Alexander Bell bertemu dengan cinta dalam hidupnya, Mabel, ketika dia datang kepadanya sebagai siswa tuli. Dia berusia sepuluh tahun, tetapi Bell jatuh cinta padanya, dan selama bertahun -tahun, dorongannya mendorongnya pada pekerjaannya. Seandainya air matanya tidak menenggelamkannya ke mobil kereta itu ke Philadelphia, penemuan terbesarnya mungkin tidak akan pernah berkembang. Namun telepon tetap menjadi sesuatu yang Mabel, yang kehilangan pendengarannya dari Scarlet Fever, tidak akan pernah bisa berbagi dengan suaminya. Kadang -kadang, cinta menyatukan Anda bahkan ketika kehidupan membuat Anda terpisah.
(Alexander Bell met the love of his life, Mabel, when she came to him as a deaf student. She was ten years his junior, but Bell fell for her hard, and over the years, her encouragement spurred him on his work. Had her tears not drown him onto that train car to Philadelphia, his greatest invention might never have blossomed. Yet the telephone remained something that Mabel, who'd lost her hearing from scarlet fever, would never be able to share with her husband.Sometimes, love brings you together even as life keeps you apart.)
Alexander Bell bertemu Mabel, belahan jiwanya, ketika dia mencari bimbingannya sebagai mahasiswa tuli.

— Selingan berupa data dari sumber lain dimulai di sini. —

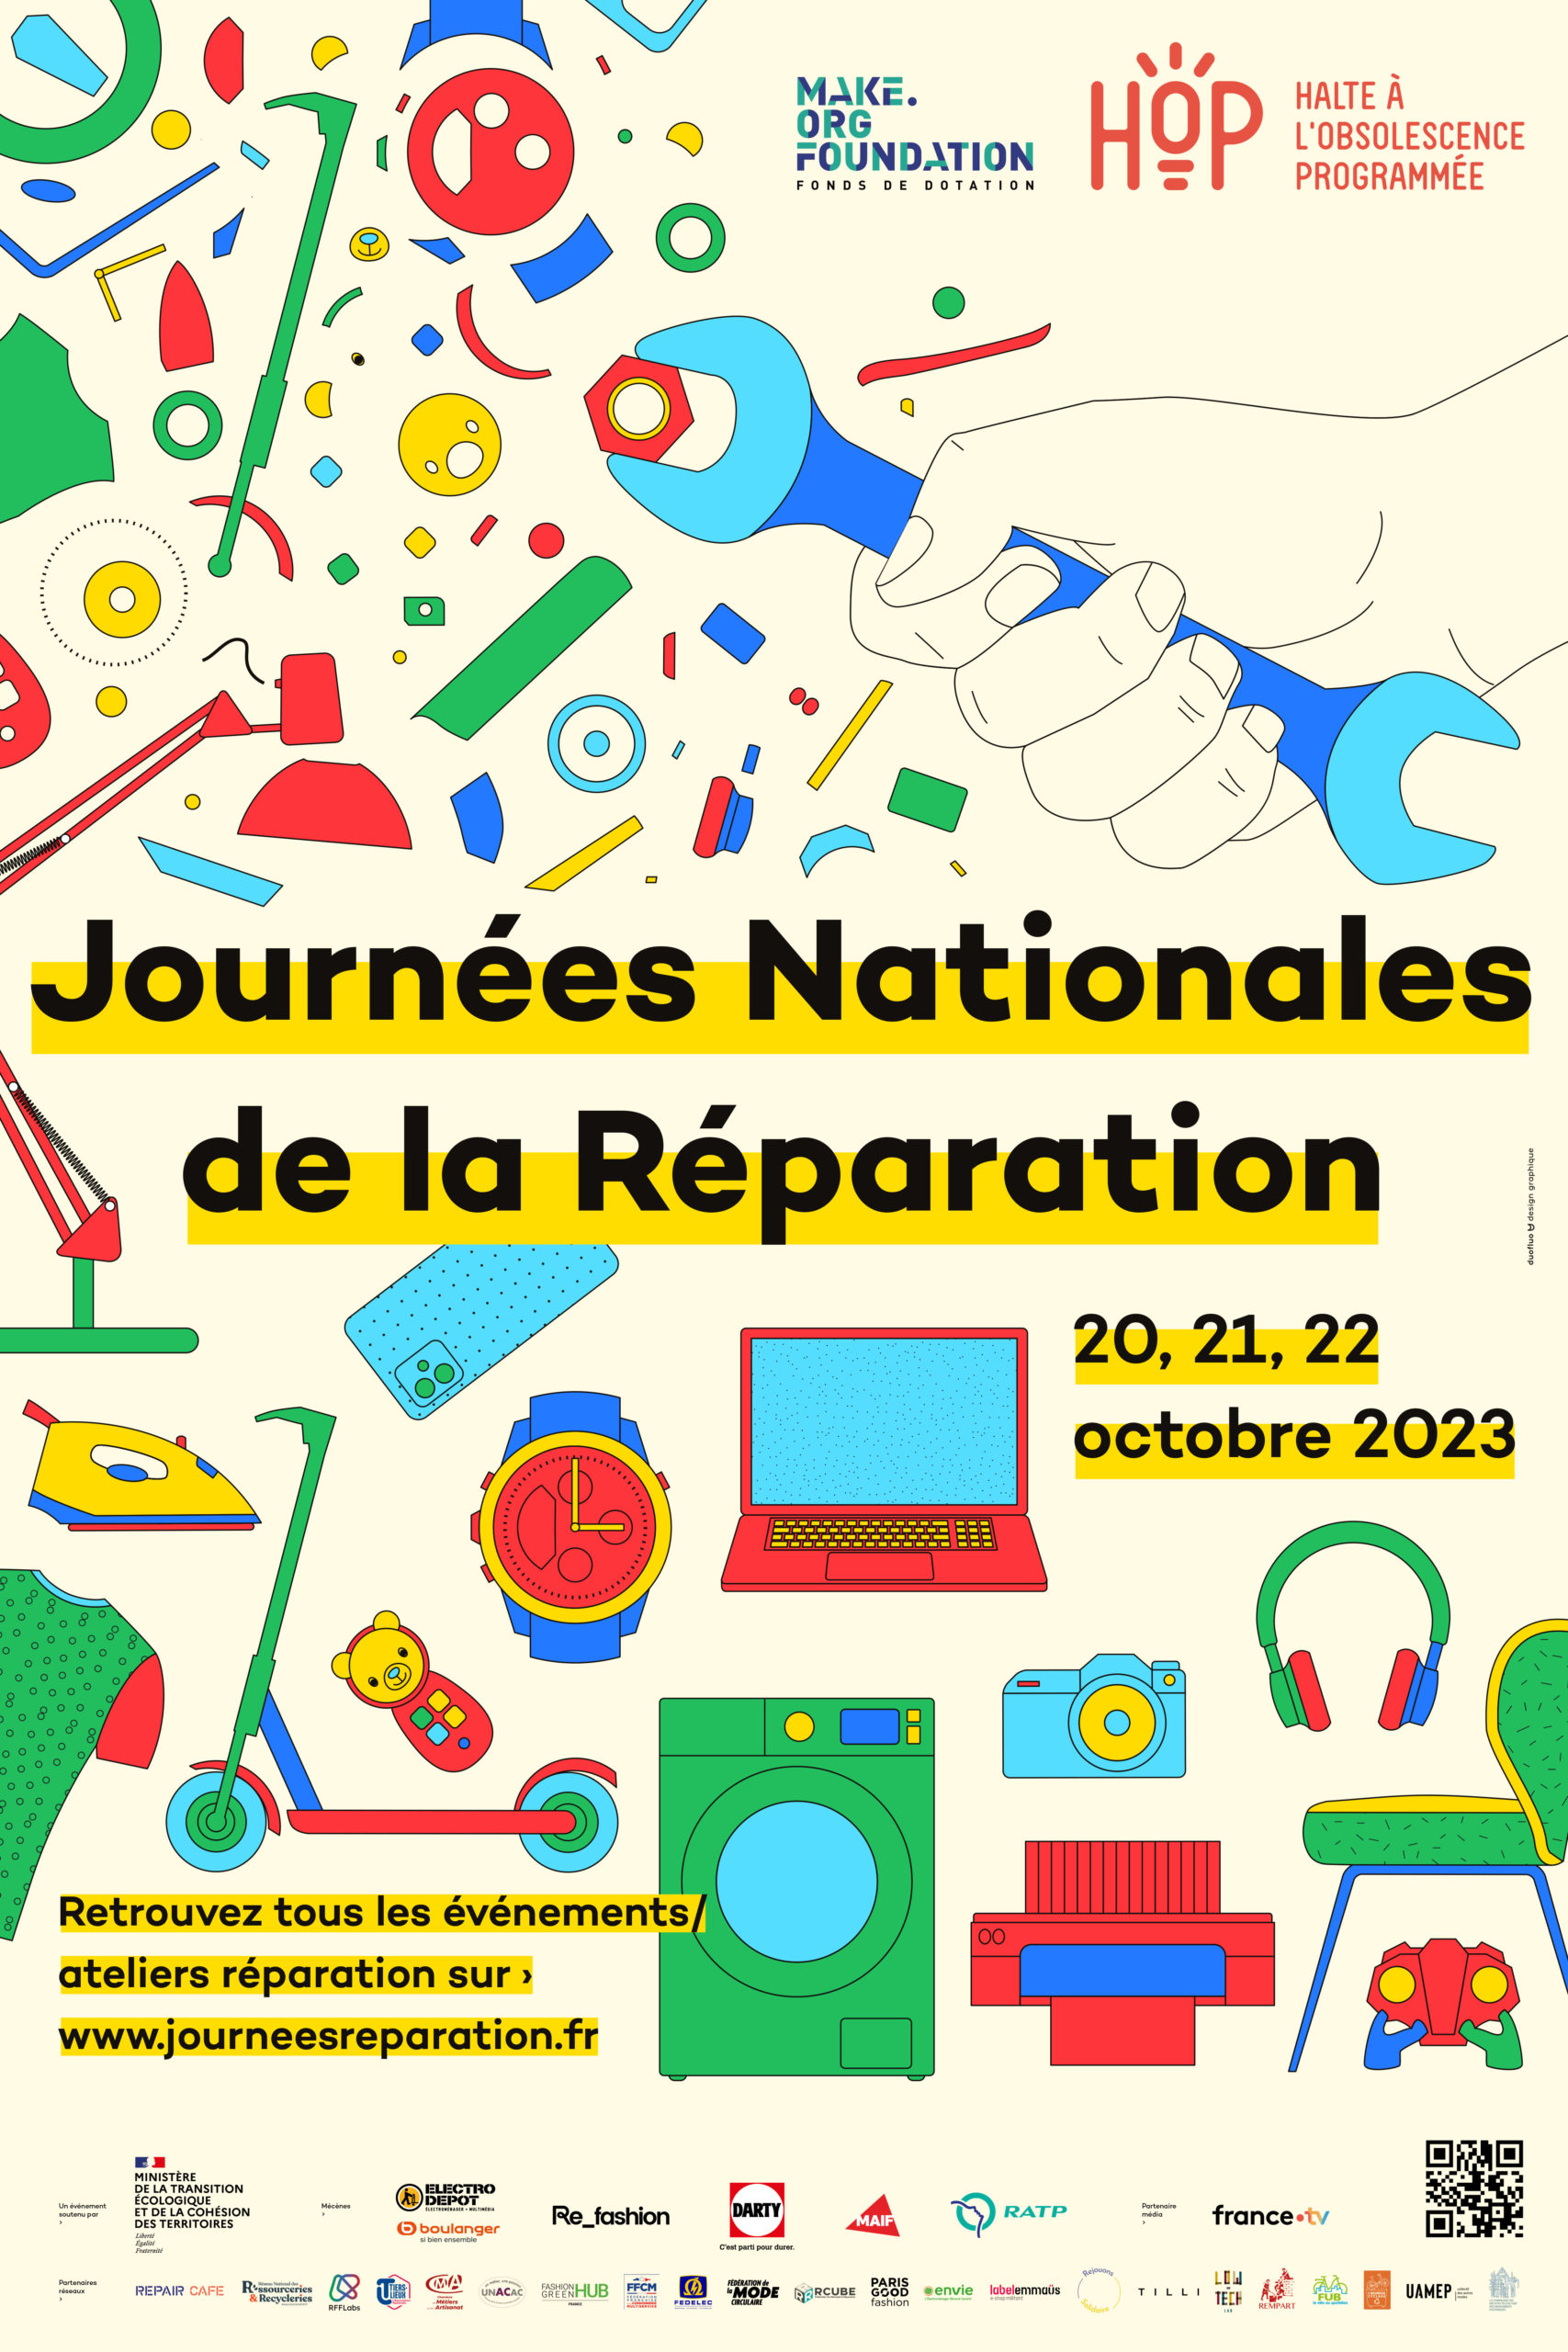 La première édition des Journées Nationales de la Réparation aura lieu les vendredi 20, samedi 21 et dimanche 22 octobre 2023.

Meskipun lebih muda, Mabel sangat mempengaruhi Bell, memotivasi dia dalam pengejarannya. Momen penting dalam hubungan mereka terjadi ketika air mata Mabel mendorong Bell untuk naik kereta ke Philadelphia, yang mengarah ke penciptaan penemuannya yang paling ikonik, telepon.
Tragis, Mabel tidak akan pernah bisa mengalami telepon, karena dia kehilangan pendengarannya karena demam berdarah. Ini menyoroti sifat pahit dari cinta mereka - sementara mereka bersatu dalam kasih sayang, keadaan kehidupan membuat mereka terpisah dalam beberapa hal. Kisah mereka menggambarkan bagaimana cinta dapat menghubungkan individu sambil juga menavigasi tantangan yang disajikan kehidupan.